TLS relaxation may change erratum 843419 sequences that those offending ADRP
instructions actually transformed into other instructions in which case there
is erratum 843419 risk anymore that we should avoid installing unnecessary
branch-to-stub.
gold/
* aarch64.cc (Insn_utilities::is_mrs_tpidr_el0): New method.
(AArch64_relobj<size, big_endian>::try_fix_erratum_843419_optimized):
Return ture for some TLS relaxed sequences.
* aarch64.cc (maybe_apply_stub): Add debug logging for looking
up stubs to undefined symbols and early return rather than
fail to look them up.
(scan_reloc_for_stub): Add debug logging for no stub creation
for undefined symbols.
gold/
PR gold/21444
* gold.cc (Target_sparc::Relocate::relocate_tls): Local
variables are final for position-independent executables. This
has to be consistent with Target_sparc::Scan::local otherwise
they will disagree as to whether local-exec is used.
gold/ChangeLog
PR gold/21430
* aarch64.cc
(AArch64_relobj::convert_input_section_to_relaxed_section):
Set the section offset to -1ULL.
(Target_aarch64::relocate_section): Adjust the view in case
of a relaxed input section.
* testsuite/Makefile.am (pr21430): New test.
* testsuite/Makefile.in: Regenerate
* testsuite/pr21430.s: New test source file.
* testsuite/pr21430.sh: New test script.
gold/
* mips.cc (Mips_got_entry::hash()): Shift addend to reduce
possibility of collisions.
(Mips_got_entry::equals): Fix case for GOT_TLS_LDM
entries.
gold/
* mips.cc (Mips_relobj::merge_processor_specific_data_): New data
member.
(Mips_relobj::merge_processor_specific_data): New method.
(Mips_relobj::do_read_symbols): Set merge_processor_specific_data_
to false, only if the input file is a binary or if object has no
contents except the section name string table and an empty symbol
table with the undefined symbol.
(Target_mips::do_finalize_sections): Refactor. Skip empty object files
for merging processor-specific data.
gold/
* mips.cc (Target_mips::Relocate::calculated_value_): New data
member.
(Target_mips::Relocate::calculate_only_): Likewise.
(Target_mips::Relocate::relocate): Handle multiple consecutive
relocations with the same offset.
gold/
* mips.cc (symbol_refs_local): Return false if a symbol
is from a dynamic object.
(Target_mips::got_section): Make _GLOBAL_OFFSET_TABLE_ STV_HIDDEN.
(Target_mips::set_gp): Refactor.
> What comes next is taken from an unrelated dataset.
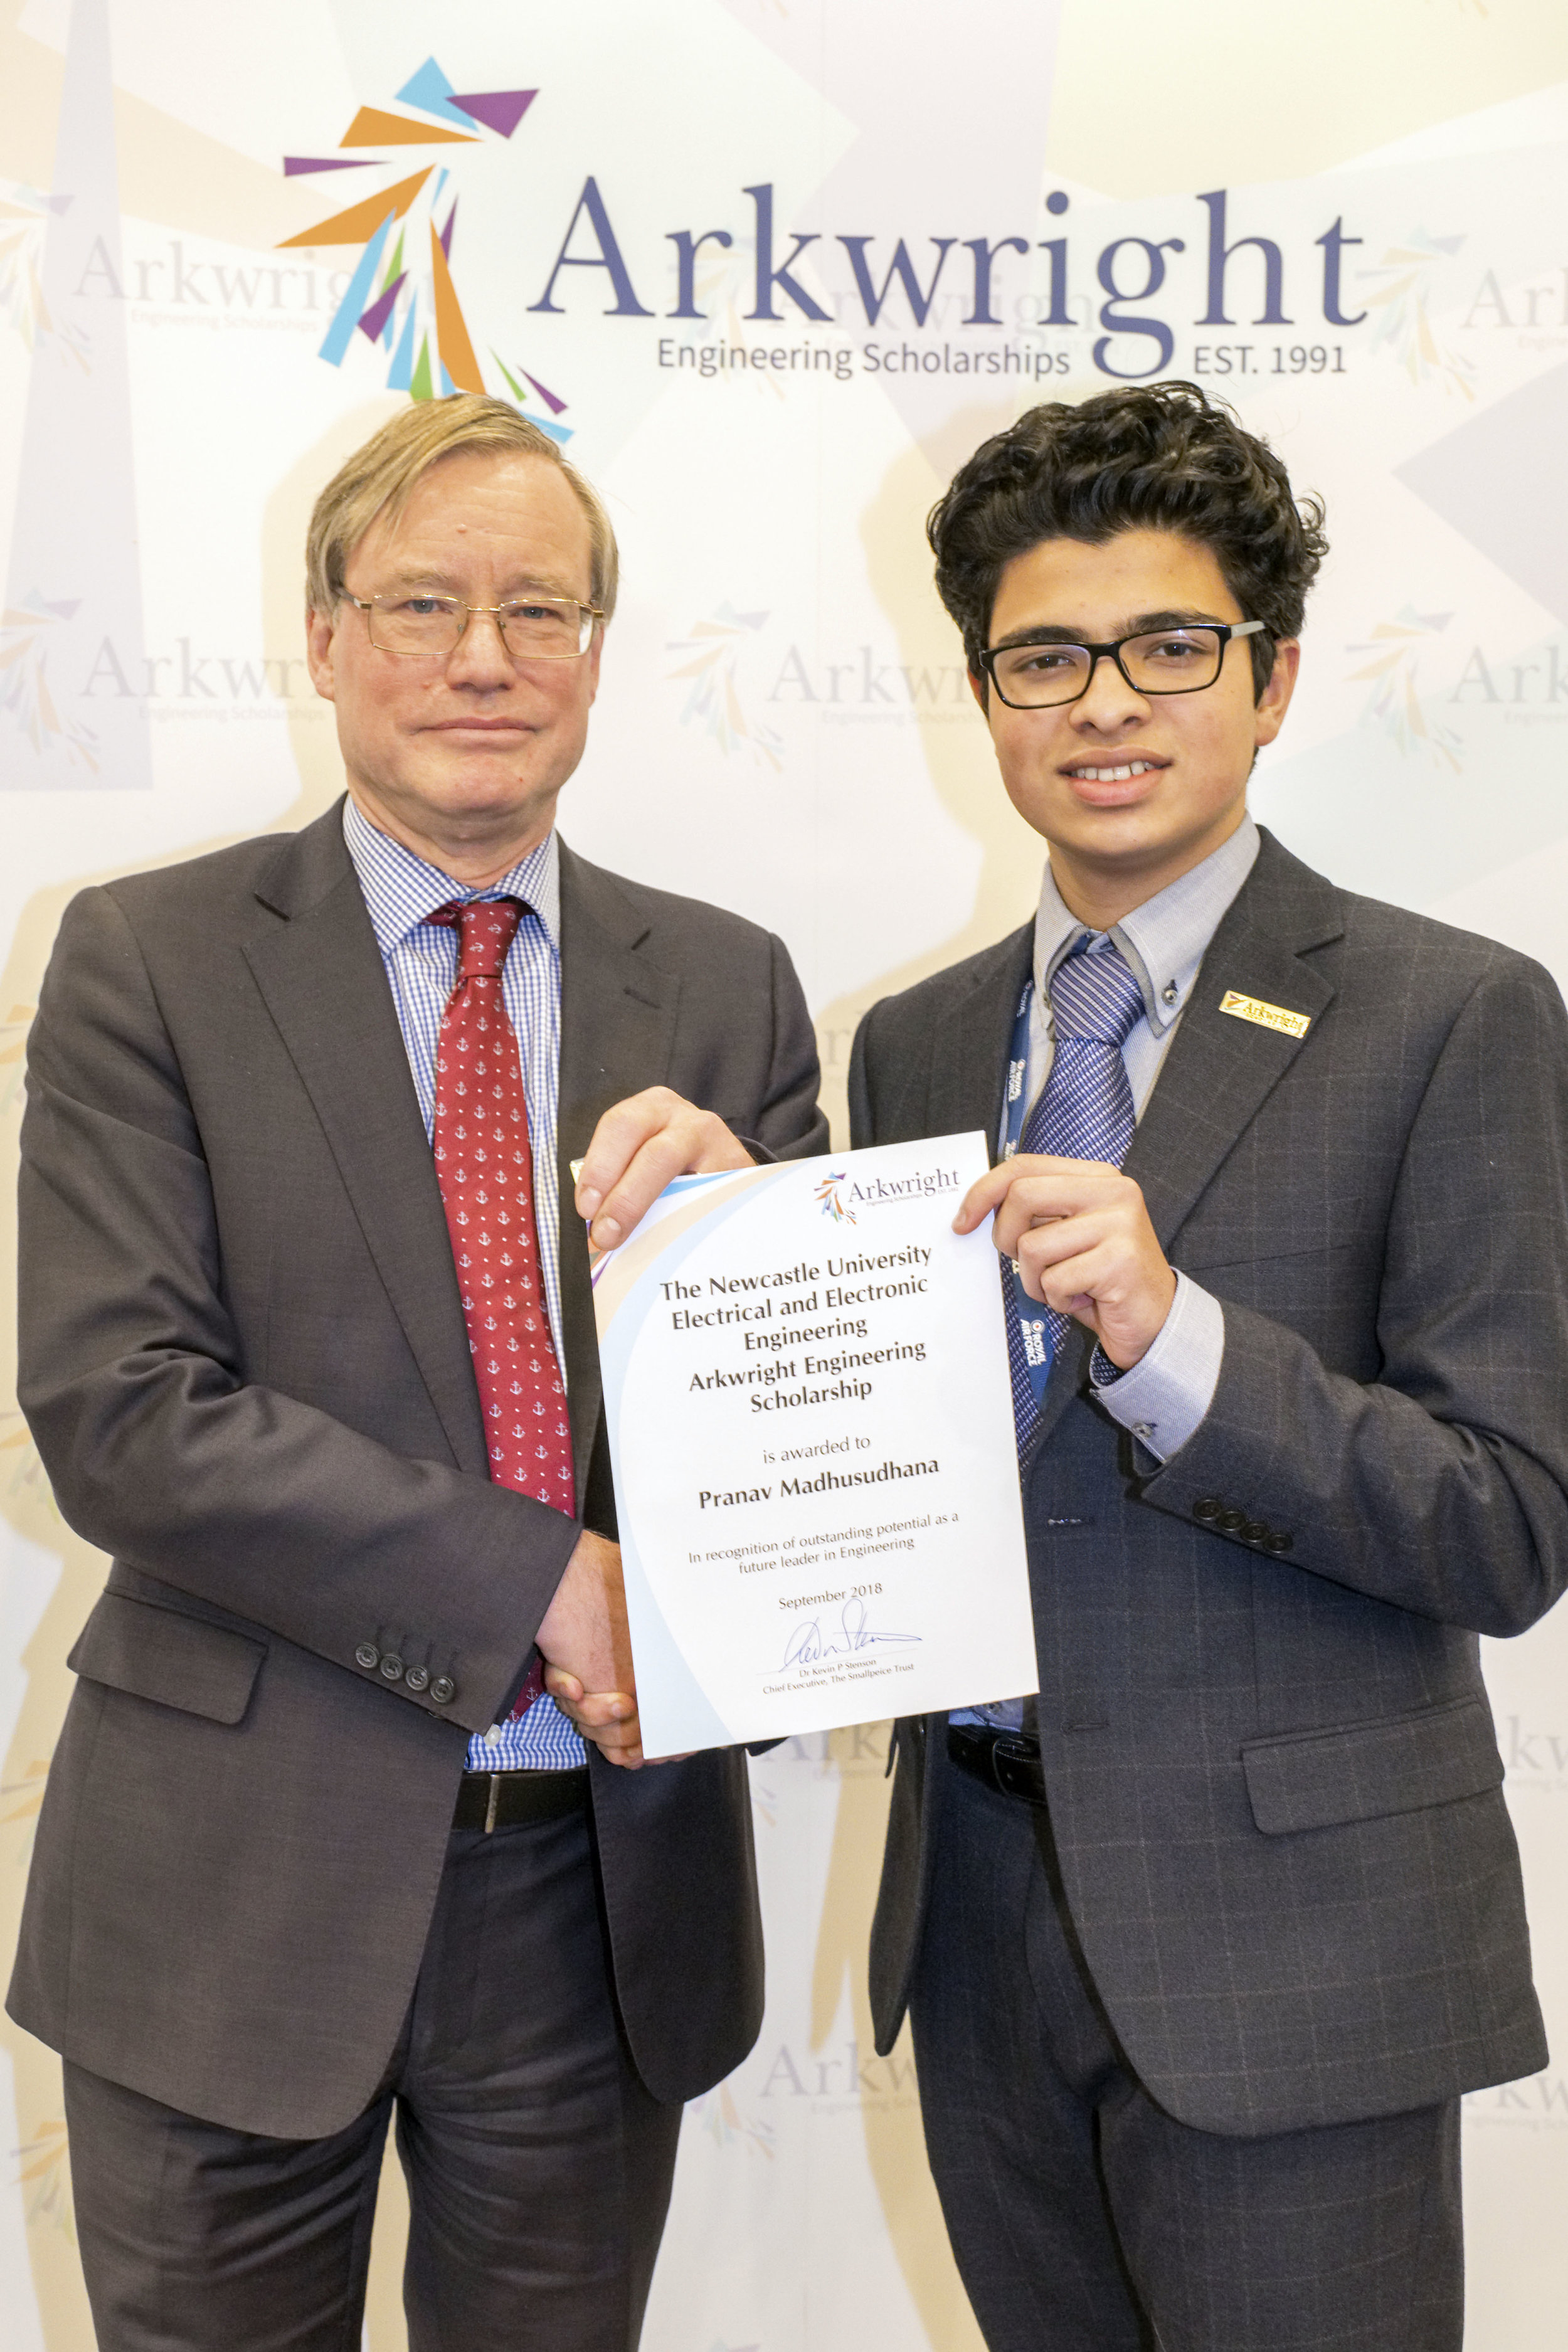 Pranav Madhusudhana receiving his certificate

Make _gp STT_NOTYPE and
STB_LOCAL.
(Target_mips::do_finalize_sections): Set _gp after all the checks
for creating .got are done.
(Target_mips::Scan::global): Remove unused code.
2017-02-15 Vladimir Radosavljevic <Vladimir.Radosavljevic@imgtec.com>
PR gold/21111
* mips.cc (Mips_relocate_functions::relhigher): New method.
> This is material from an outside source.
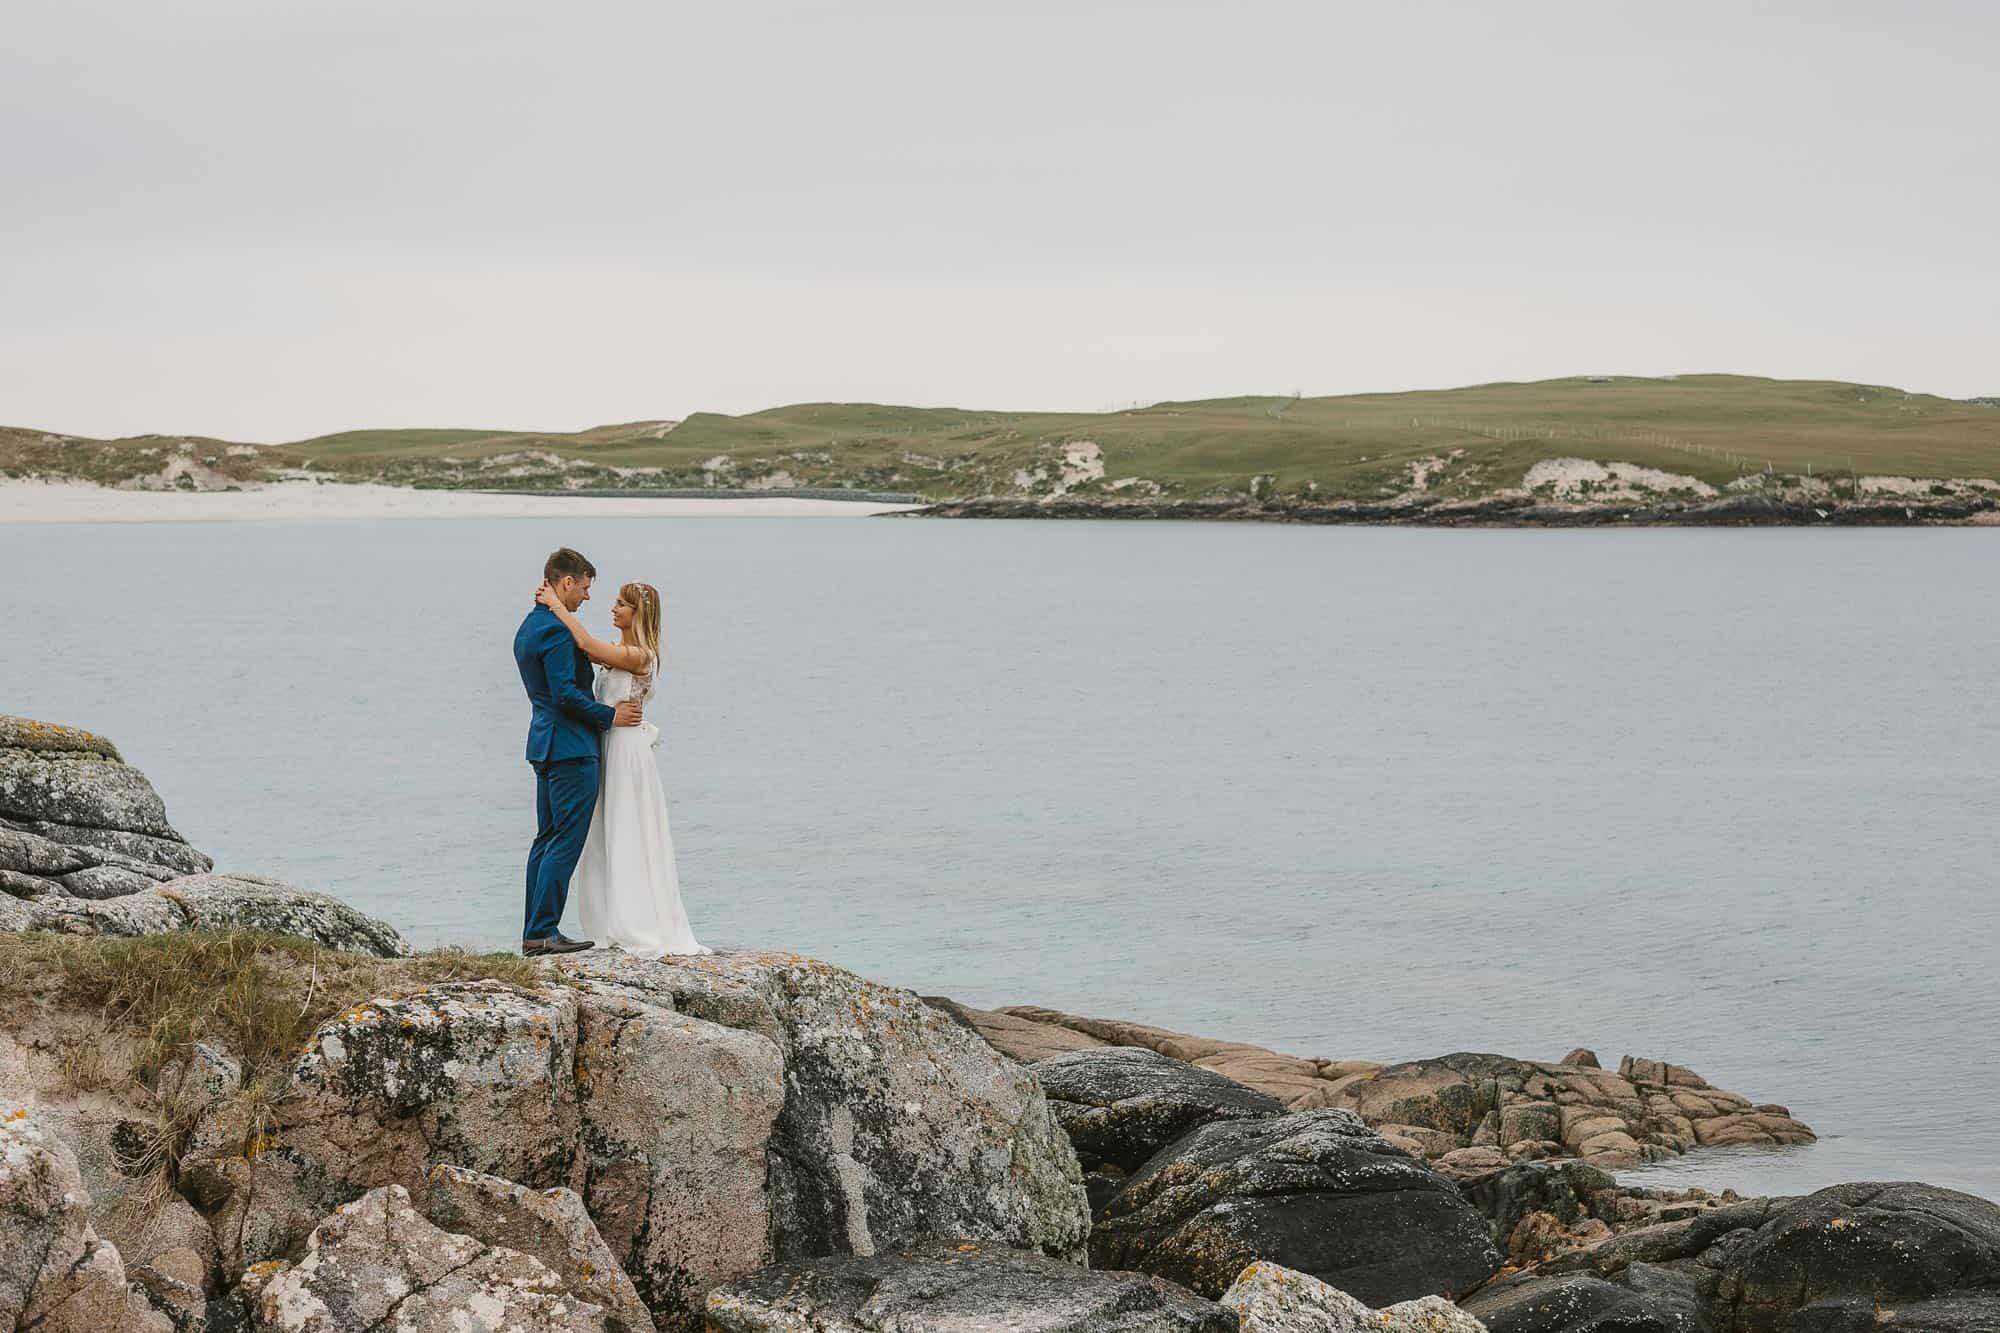 Elopement Ireland Connemara Beach Shoot of couple on rocks

(Mips_relocate_functions::relhighest): Likewise.
(mips_get_size_for_reloc): Add support for relocs: R_MIPS_HIGHER and
R_MIPS_HIGHEST.
(Target_mips::Scan::local): Add support for relocs: R_MIPS_HIGHER,
R_MIPS_HIGHEST, R_MICROMIPS_HIGHER and R_MICROMIPS_HIGHEST.
(Target_mips::Scan::global): Likewise.
(Target_mips::Scan::get_reference_flags): Likewise.
(Target_mips::Relocate::relocate): Call static methods for resolving
HIGHER and HIGHEST relocations.
gold/
* x86_64.cc (Target_x86_64::do_can_check_for_function_pointers):
Return true even when building pie binaries.
(Target_x86_64::possible_function_pointer_reloc): Check opcode
for R_X86_64_PC32 relocations.
(Target_x86_64::local_reloc_may_be_function_pointer): Pass
extra arguments to local_reloc_may_be_function_pointer.
(Target_x86_64::global_reloc_may_be_function_pointer): Likewise.
* gc.h (gc_process_relocs): Add check for STT_FUNC.
* testsuite/Makefile.am (icf_safe_pie_test): New test case.
* testsuite/Makefile.in: Regenerate.
* testsuite/icf_safe_pie_test.sh: New shell script.
gold/
* mips.cc (Mips_output_data_plt::rel_plt): Remove const from return
type.
(Target_mips::make_plt_entry): Make the sh_info field of .rel.plt
point to .plt.
gold/
PR gold/21054
* mips.cc (Mips_got_info::record_global_got_symbol): Don't add symbol
to the dynamic symbol table if it is forced to local visibility.
(Target_mips::do_finalize_sections): Don't add __RLD_MAP symbol to the
dynamic symbol table if it is forced to local visibility.